Светлый фон

– Мишка, бей ее (т. е. кормилицу), хорошенько бей.

И, взяв его ручонки, бил ими по щекам кормилицы. Вслед за этим он исчез из комнаты, а означенные предметы с днепровских порогов и до сего времени находятся у меня.

В конце августа я получил уведомление от жены, жившей все лето в имении сестры моей, что она выезжает в Петербург, а от ее брата Валерия, что мне необходимо приехать в нижегородское имение для смены бурмистра, мало пекущегося о сборе оброка, и для обзора действий землемера, отмежевывающего пустошь в 9500 десят. земли, заложенных по неисправным откупам Абазы и предназначенных к продаже с аукциона.
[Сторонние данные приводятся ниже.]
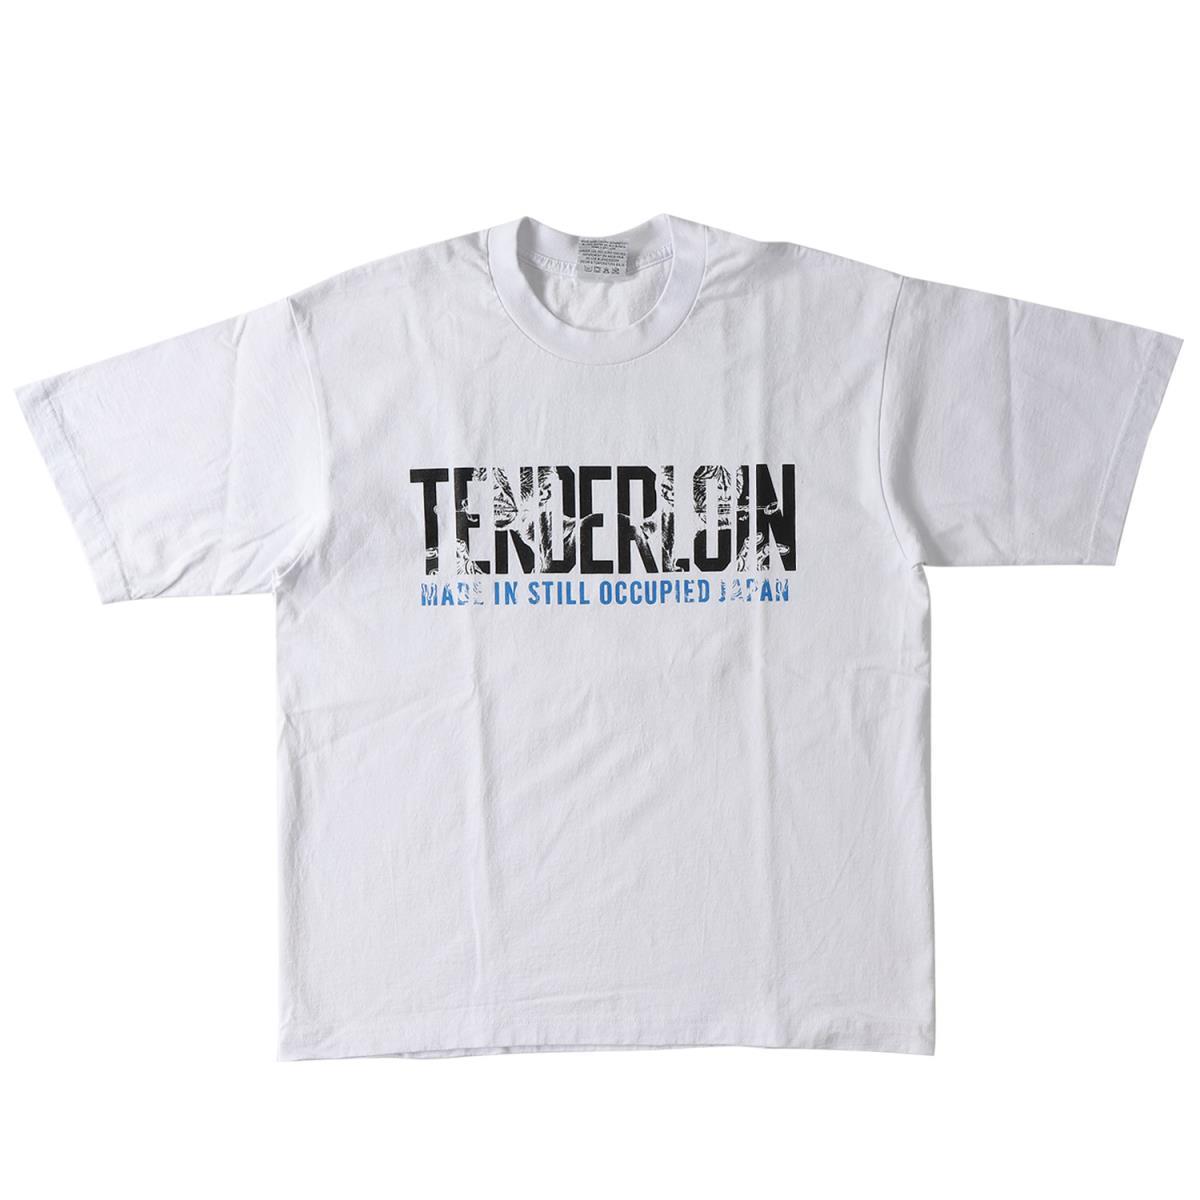 TENDERLOIN (テンダーロイン) 18S/S モンスターブランドロゴヘビーTシャツ(T-TEE QB) ホワイト L 【メンズ】【美品】【K2056】【中古】【あす楽☆対応可】

Я ничем не был занят в Почепе, а потому просил Клейнмихеля уволить меня в 28-дневный отпуск для приведения в порядок дел по нижегородскому имению, которое, при всей малодоходности, все же составляло, сверх убогого содержания по службе, единственный источник моих средств к жизни. Но Клейнмихель мне наотрез отказал; он не желал, чтобы свита его уменьшалась, и, вероятно, считал преступлением желание покинуть его. Я обязан только сильному ходатайству его жены и его племянника Огарева, что, наконец, был отпущен.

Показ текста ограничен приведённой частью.